By Amani Salahudeen
“Five Feet Apart,” a romantic film based off a novel by Rachael Lippincott and directed by Justin Baldoni, hit theaters on March 15. It’s a coming-of-age story about two star-crossed lovers who are diagnosed with cystic fibrosis.
Cystic fibrosis is a genetic disease that causes lung infections and prevents the patient from breathing properly, according to the Cystic Fibrosis Foundation. Patients with the disease must stand six feet apart from others in order to prevent the spreading of bacteria.
This movie reminds me of the plot of “The Fault in Our Stars,” but it still manages to deliver its own original twist.
The film features patients Stella Grant (Haley Lu Richardson) and Will Neuman (Cole Sprouse) who fall in love despite having to stand for apart their own safety.
Although the movie has an 82 percent audience score on Rotten Tomatoes, some viewers are unamused and think it promotes dangerous behavior. Elise Tellier, a 22-year-old student and blogger with cystic fibrosis argued, “It’s not so much a love story as it is romanticizing self-harm and suicide and toxic relationships,” according to Refinery29.
Despite the fact that the movie romanticizes the disease, it did demonstrate an accurate depiction of what it’s like to live with the disease and raises awareness for those who might want to learn more.
Although I saw the movie as a solid attempt to shine light on the severity of this disease, I understand why members of the cystic fibrosis community are offended. Although the love story between Stella and Will may trivialize the disease, Poe, who is Stella’s best friend in the hospital, has a backstory that adds some needed seriousness to the tone of the film. That being said, his character could have been given more screen time.

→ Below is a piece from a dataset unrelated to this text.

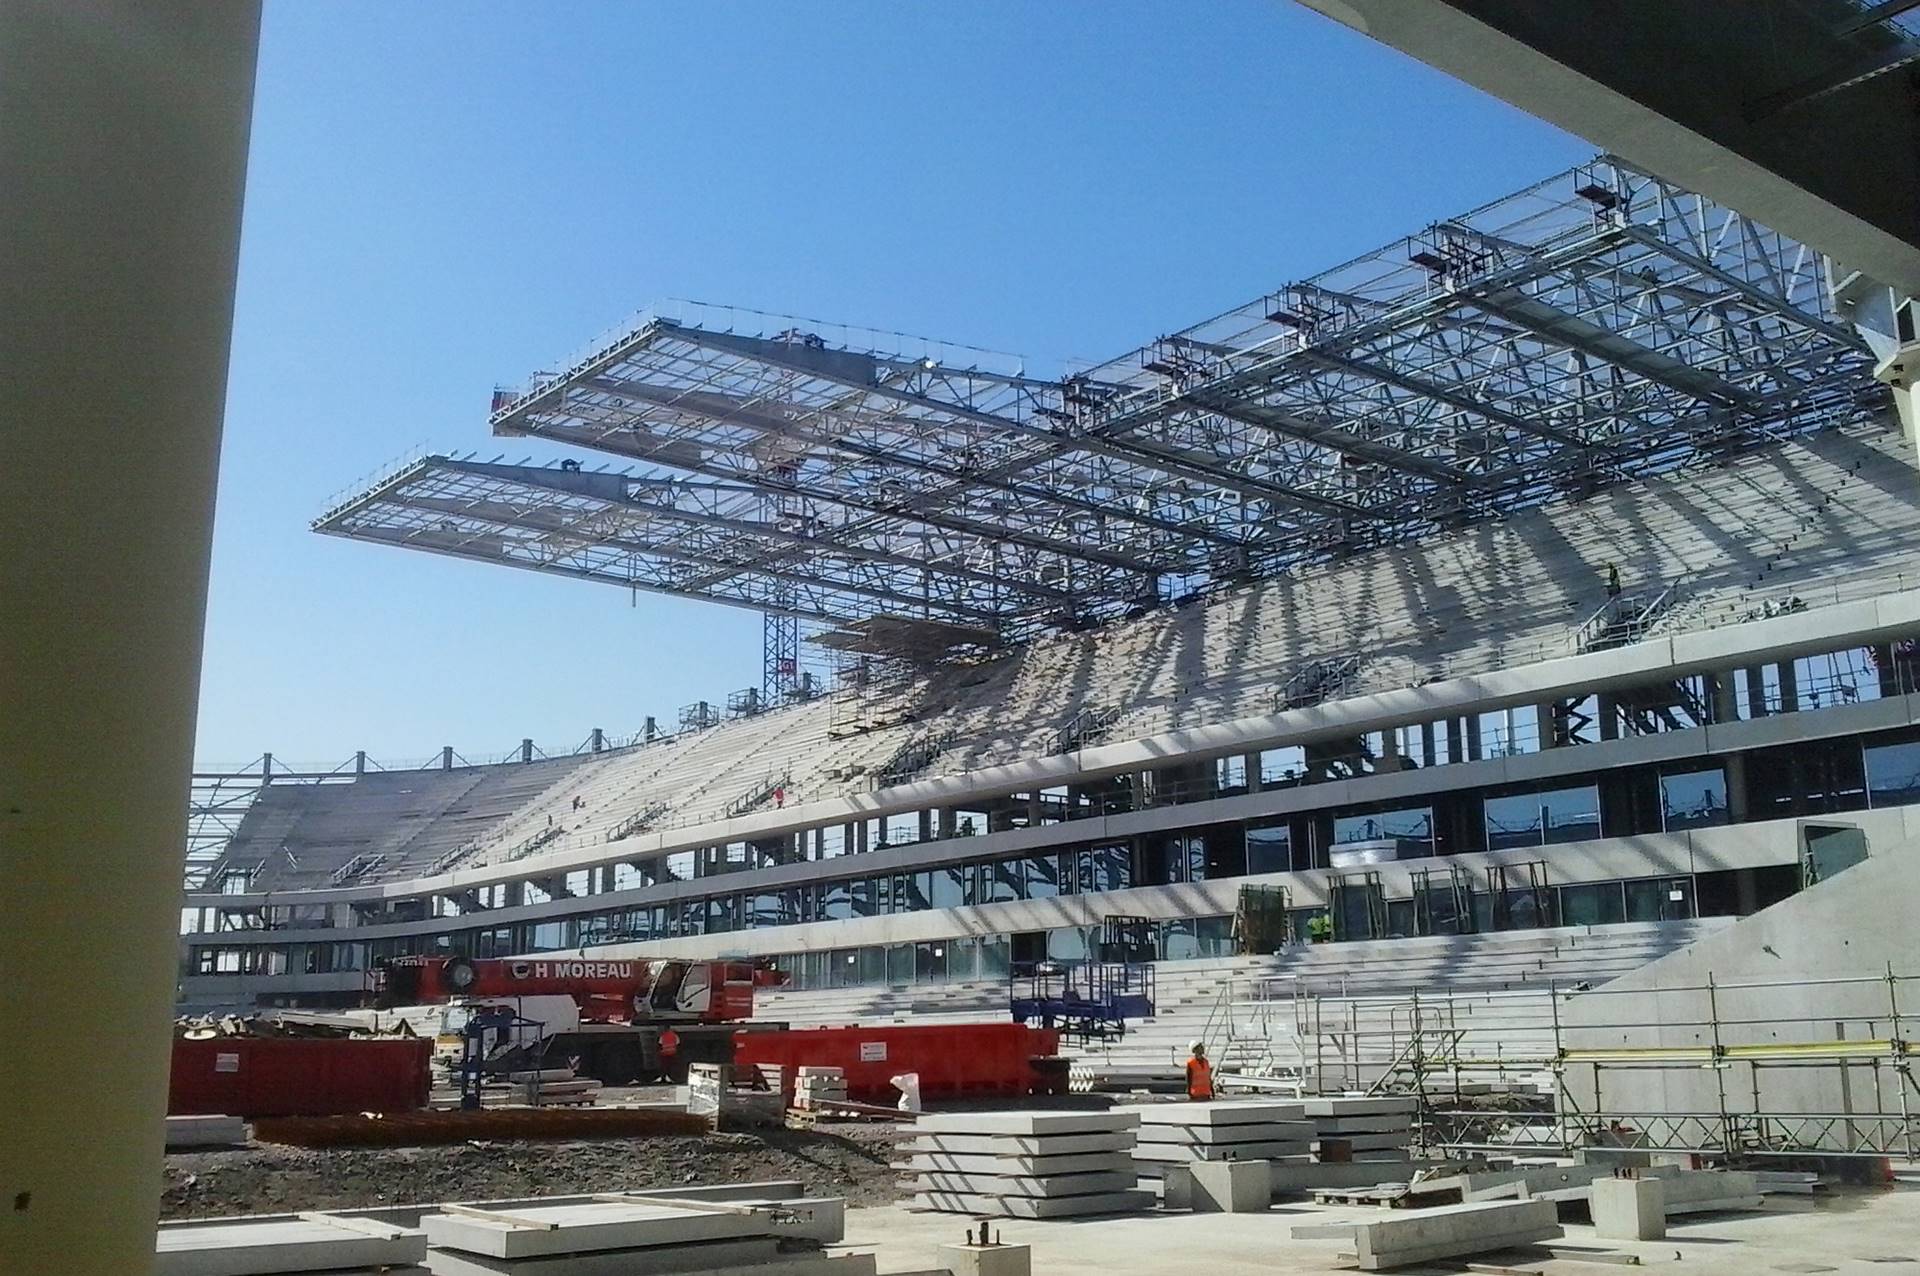 Le grand stade de Bordeaux

Stella is hopeful and seemingly enthusiastic about her future. She vlogs about her experience with cystic fibrosis on her YouTube channel and ends up making an impression on Will, who compliments her bubbly personality with his sarcasm and reserved attitude. Will is much less hopeful about his health, which is clear when he shares that he can’t wait until his 18th birthday so that he can stop what he views as his pointless treatment.
As their relationship blossoms, the two decide that the disease has taken enough from them, so what does it matter if they take one foot back — five feet instead of six? Throughout the movie, the two maintain a promise to stay five feet apart at all times.
“‘After all that CF has stolen from me, I don’t mind stealing something back — 304 millimeters, 12 inches, one foot,’” Stella explains in her video during the film.
Between the illness, the romance and the unshakable hope of these characters, it’s safe to say that if you decide to go see “Five Feet Apart,” be sure to bring a box of tissues.